HEMET UNIFIED SCHOOL DISTRICT and RIVERSIDE COUNTY MENTAL HEALTH, No. N2006030928, N2006120513 (107 LRP 21577) (3/20/07)

Assessments/Placement.  The District conducted proper assessments before reducing the services of Student and did not initiate a change in placement to a more restrictive setting without IEP team input.  Though the District offered an appropriate placement, it did not offer instruction and services to meet Student's unique needs.  The District was required to fund 60 minutes of occupational therapy per week in a clinic setting, for a period of six months.

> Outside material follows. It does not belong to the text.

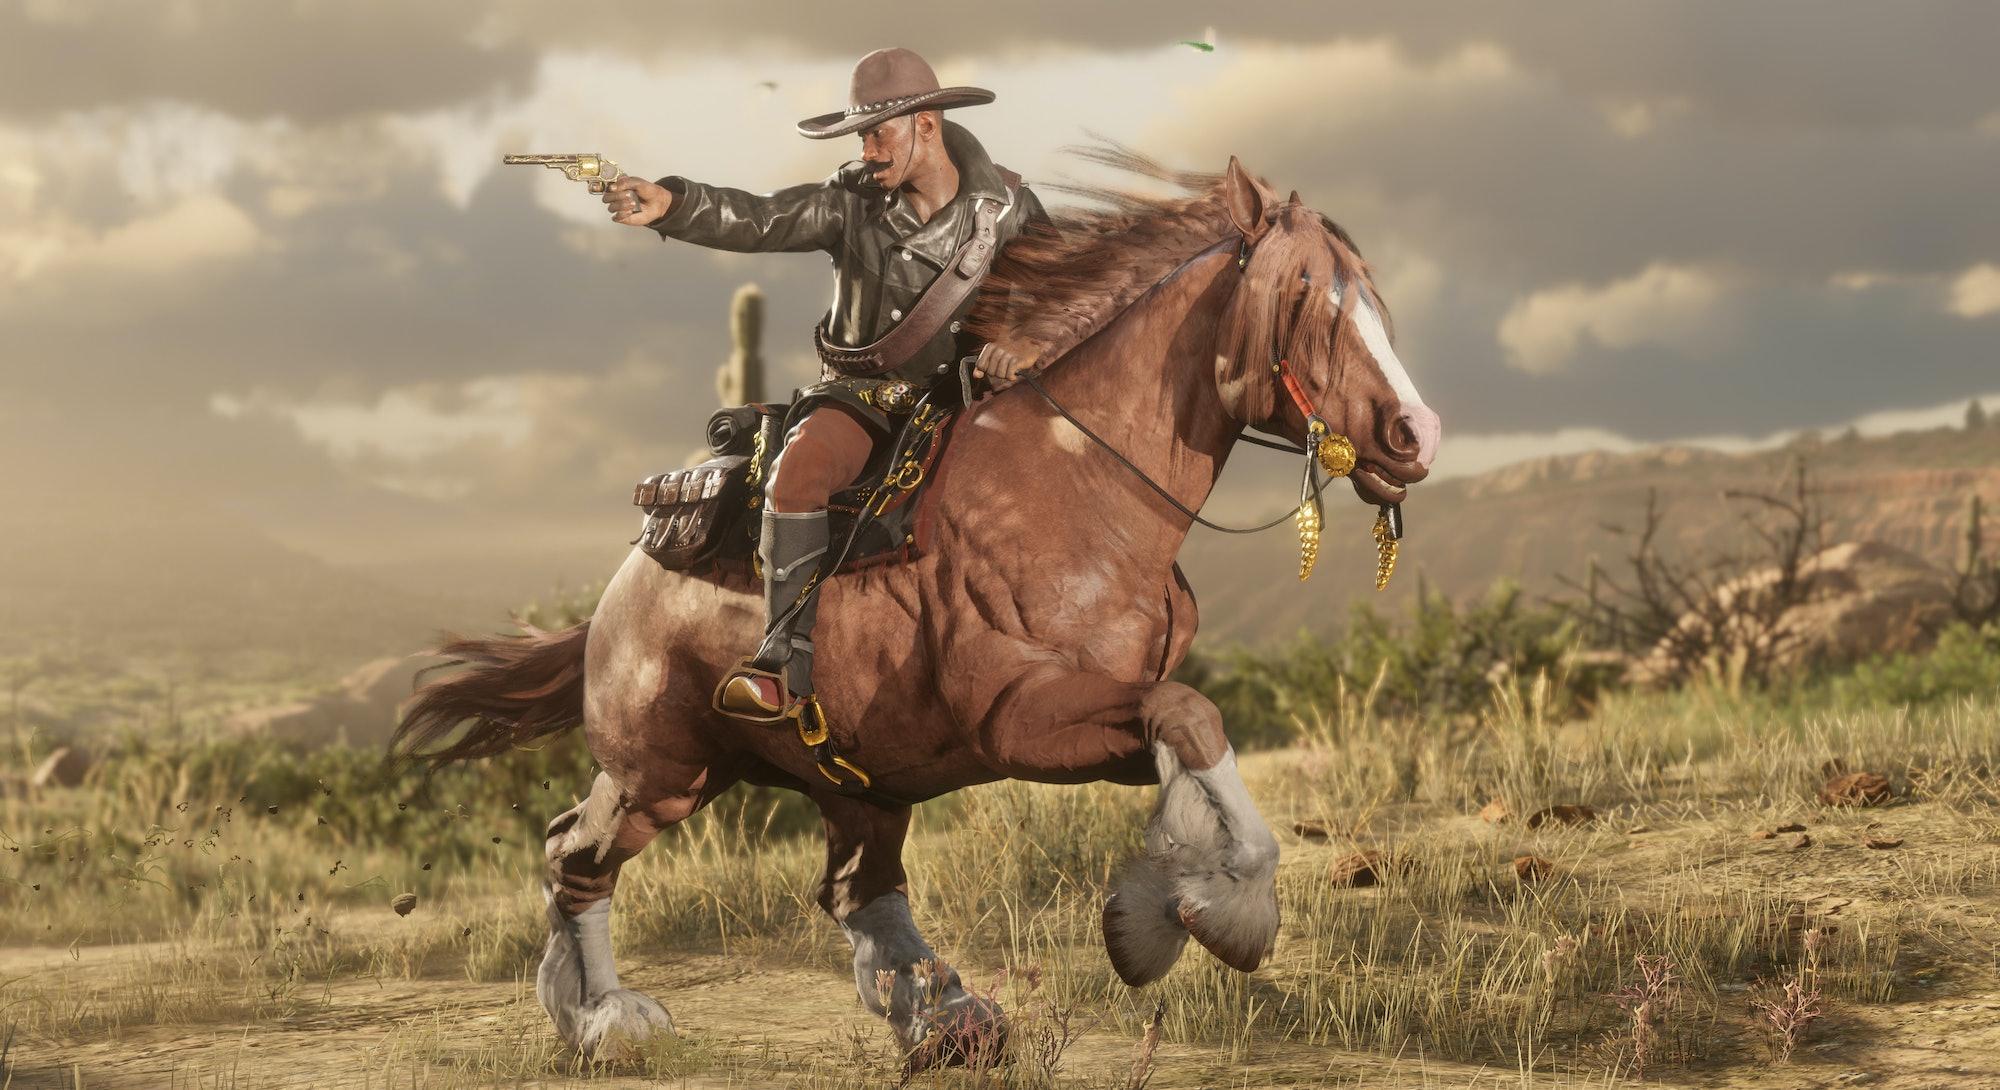 cowboy on horse firing gun in Red Dead Online promo art

IRVINE UNIFIED SCHOOL DISTRICT, No. N2006020259 (107 LRP 21575) (3/19/07)

Assessments.  The District was entitled to reassess a 20-year-old Student with autism, even though Parent thought the assessment could harm the Student because it might disrupt his schedule and cause him stress. The District showed that conditions warranted an assessment of Student and that it needs current information regarding Student in order to provide an appropriate educational plan. The District accommodated the Parent’s concerns by arranging to have the assessors work in the evening hours at Student's home.

Office for Civil Rights

ELK GROVE UNIFIED SCHOOL DISTRICT, No. 09-06-1089 (106 LRP 36048) (9/01/06)

The complaint alleged that the District would not implement a provision in the Student’s Section 504 plan that called for having trained diabetes personnel available during off-campus school activities. OCR subsequently learned that the District and the complainant held a Section 504 meeting, and revised the Student's Section 504 plan, which addressed and resolved and complaint.

SAN JOSE UNIFIED SCHOOL DISTRICT, No. 09-06-1091 (46 IDELR 286) (7/31/06) 

The District did not discriminate against a 12th-grader with urinary incontinence by failing to evaluate him for special education, or by excluding him from the District's regular education program. The District had no knowledge of the student's medical condition when it decided to place him in a non-traditional high school. Because the student did not have an accommodation plan in place at the time of the transfer, the transfer was not a "significant change in placement" requiring an evaluation.